About the Local Food Program

The Local Food Program started as a pilot program through HB 1132 that was passed in 2019. The pilot program provided $500,000 a year (for 3 years) for School Food Authorities to purchase Colorado grown, raised, and processed foods. The pilot program officially launched in School Year 2021/2022 and wraps up in June 2024. Currently, this program has invested over $2M in Farm to School purchasing and technical assistance across the State!

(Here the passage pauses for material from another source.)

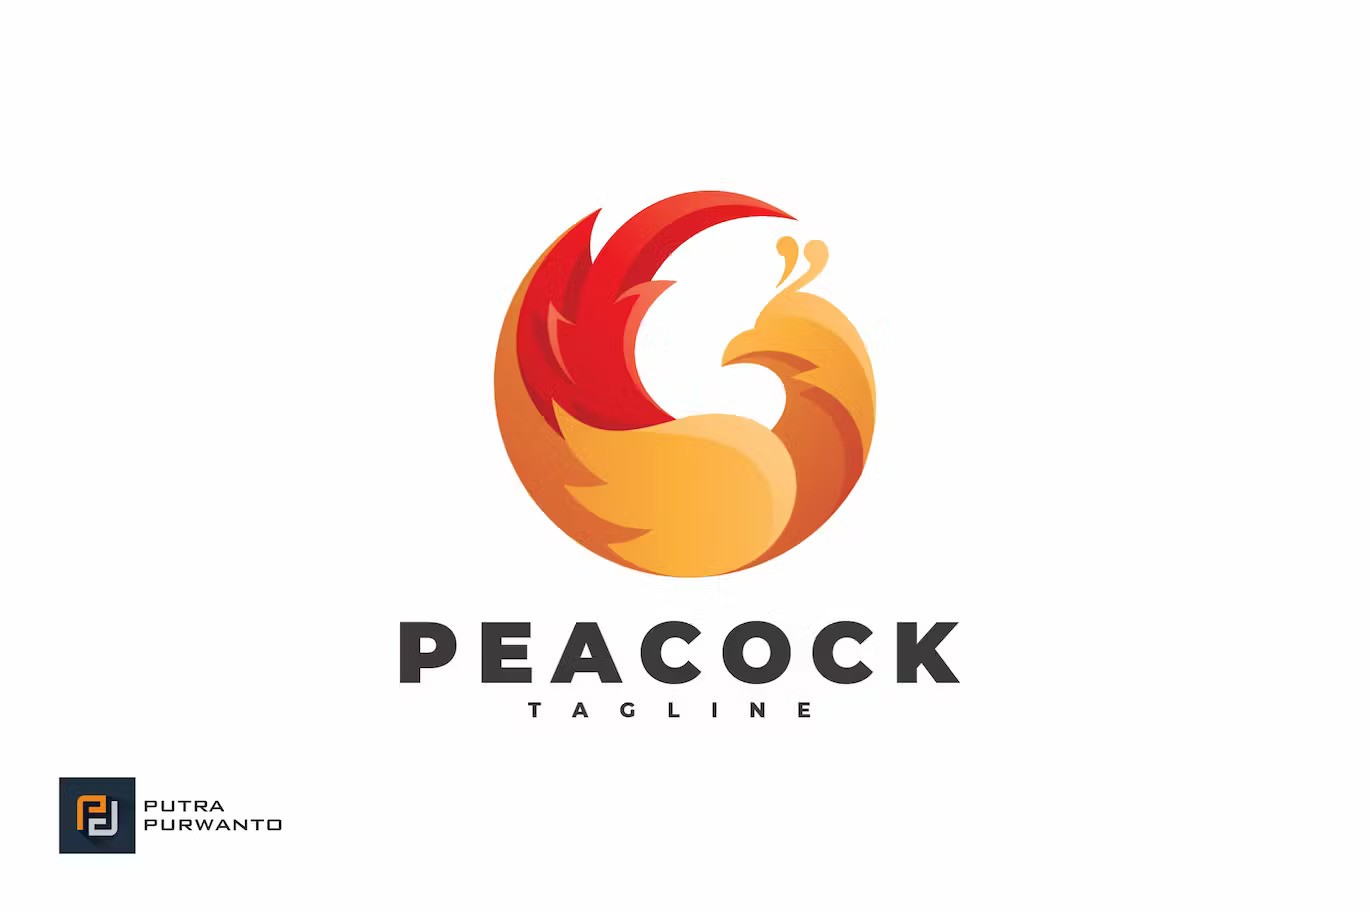 A peacock bird logo template

Thanks to Colorado Voters in 2022, we now have Healthy School Meals for All and it includes an enhanced Local Food Program where every school food authority in the state can apply to participate. While our Joint Budget Committee is still making decisions surrounding the amount of funding available for this program, we are committed to building sustainable and consistent investment from the State and other funding streams to support the process of making Farm to School the easy choice.

About Nourish Colorado

We are changemakers who strengthen connections with and between farms, ranches, and communities so that all Coloradans have equitable access to fresh, nutritious foods.

We achieve our mission by engaging in policy advocacy for systemic change, managing innovative programs, and developing community partnerships and grassroots networks to rebalance the food system and create healthy food environments.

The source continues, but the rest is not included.